How can we better serve faculty while tackling the many challenges faced by research divisions?

Sara Bible, associate vice provost for research at Stanford University, says the best way is to continually engage faculty in the business of research.

Rule making within research

Let’s be honest – faculty don’t particularly enjoy the administrative overburden dished out by university research offices. Nor should they.

But involving faculty in the process is the quickest way to earn their cooperation.

“You will have good results if you put in the time,” said Bible. “It’s really important to be flexible with faculty and staff on campus.”
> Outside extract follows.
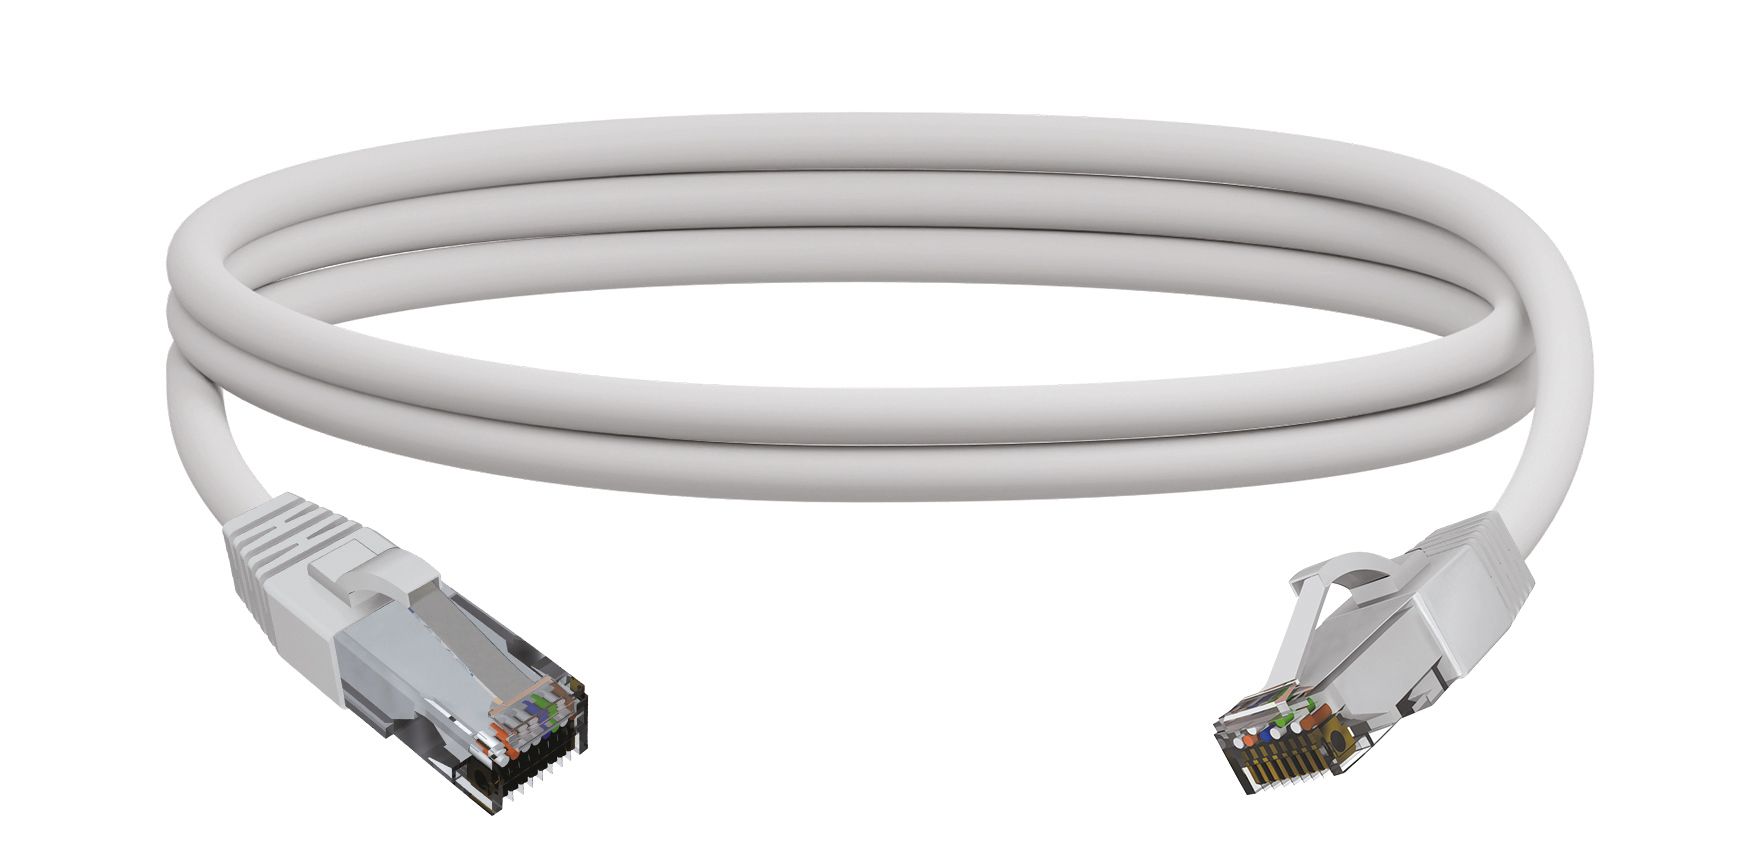 Taille: 10m Couleur: Blanc CAT6e Flat Ethernet Cable de réseau LAN pour Transmission Haute Vitesse Câble Ethernet pour Ordinateur Portable Cordon de Brassage pour Bureau à Domicile 
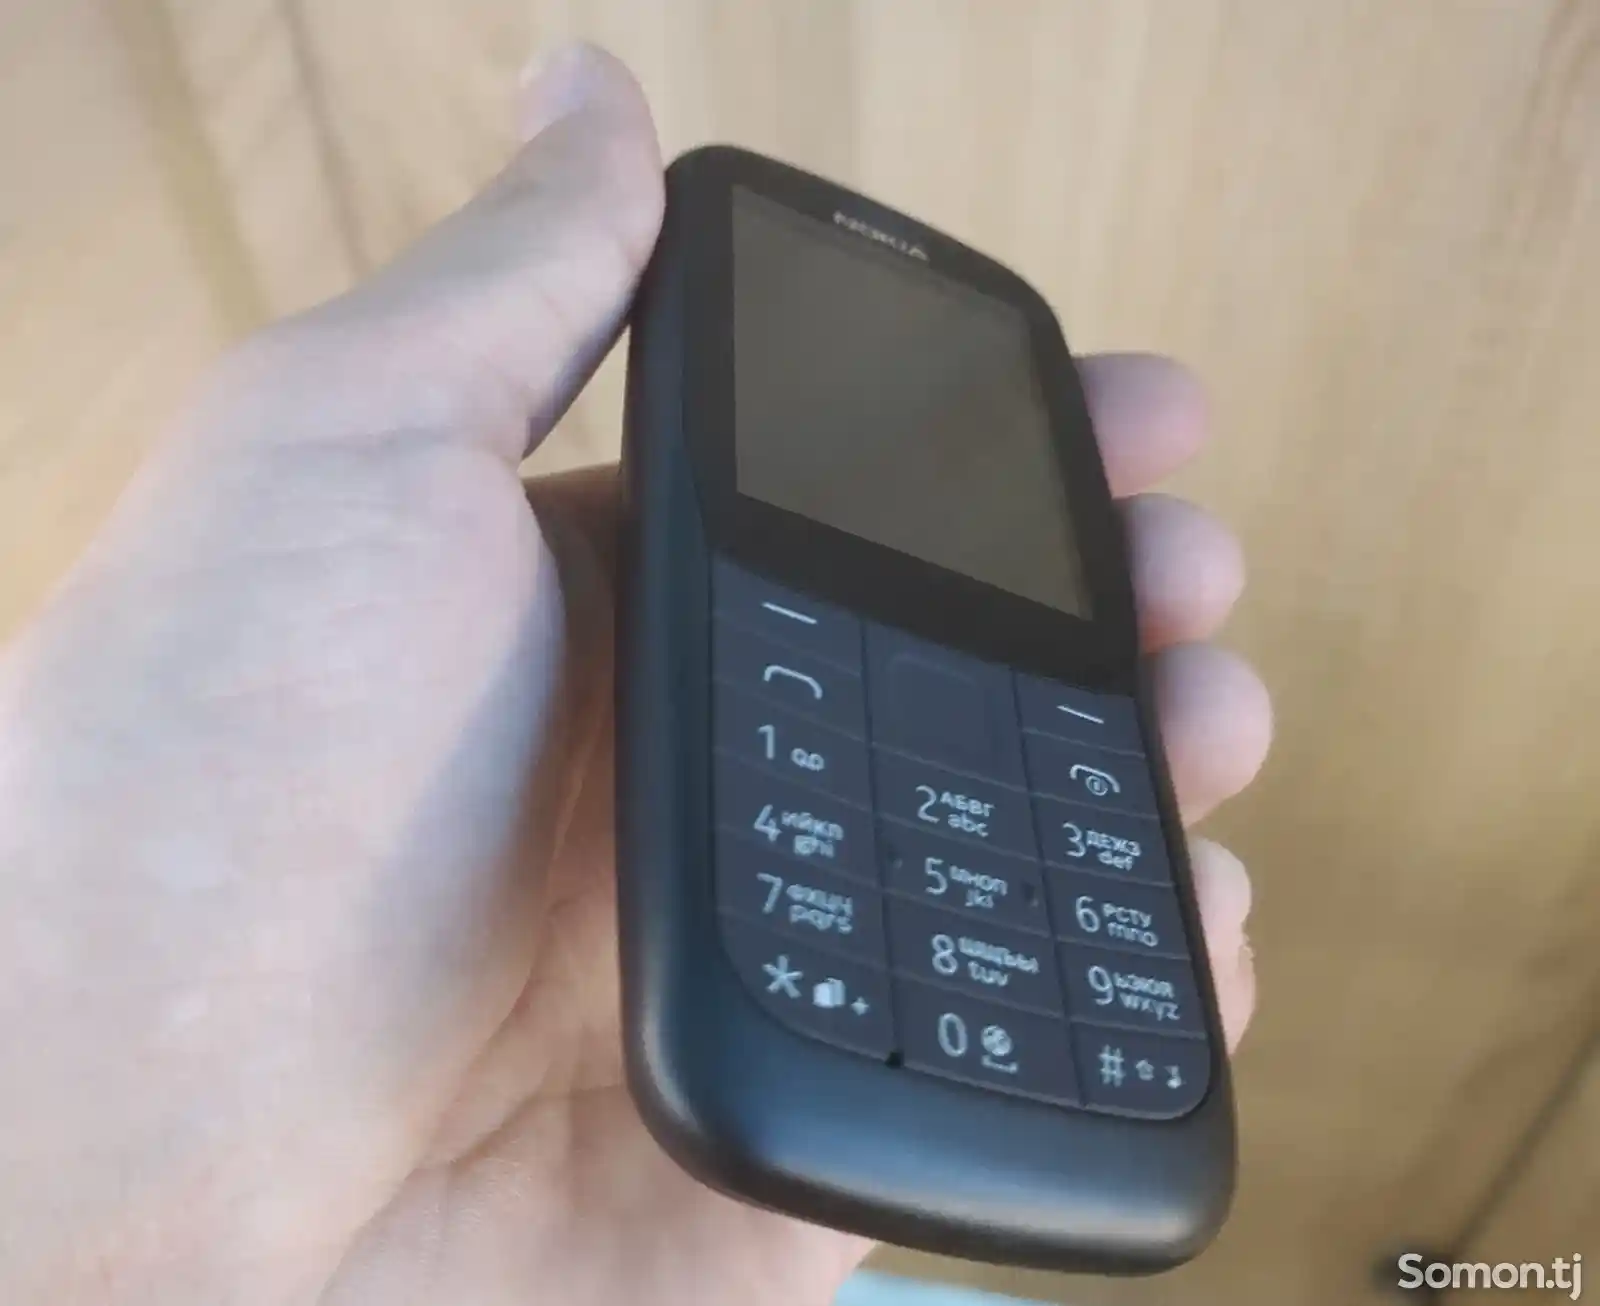 Nokia 220-5

One way Bible has successfully engaged her research community is in policy development. Her office at Stanford implemented a research policy working group that spends months testing policy language and effectiveness with university faculty and staff before it is launched.

“We’ve had great results,” she said. “People want to engage and be part of the process, not just be expected to follow a rigid set of rules.”

The pre-deadline deadline

Another way to partner with faculty is to work with them to improve the proposal review cycle, for everyone knows the risks of pushing the magic button mere minutes before the deadline.

Melinda Cotton, assistant vice president for Sponsored Programs at the University of Alabama at Birmingham, recommends creating a pre-deadline deadline.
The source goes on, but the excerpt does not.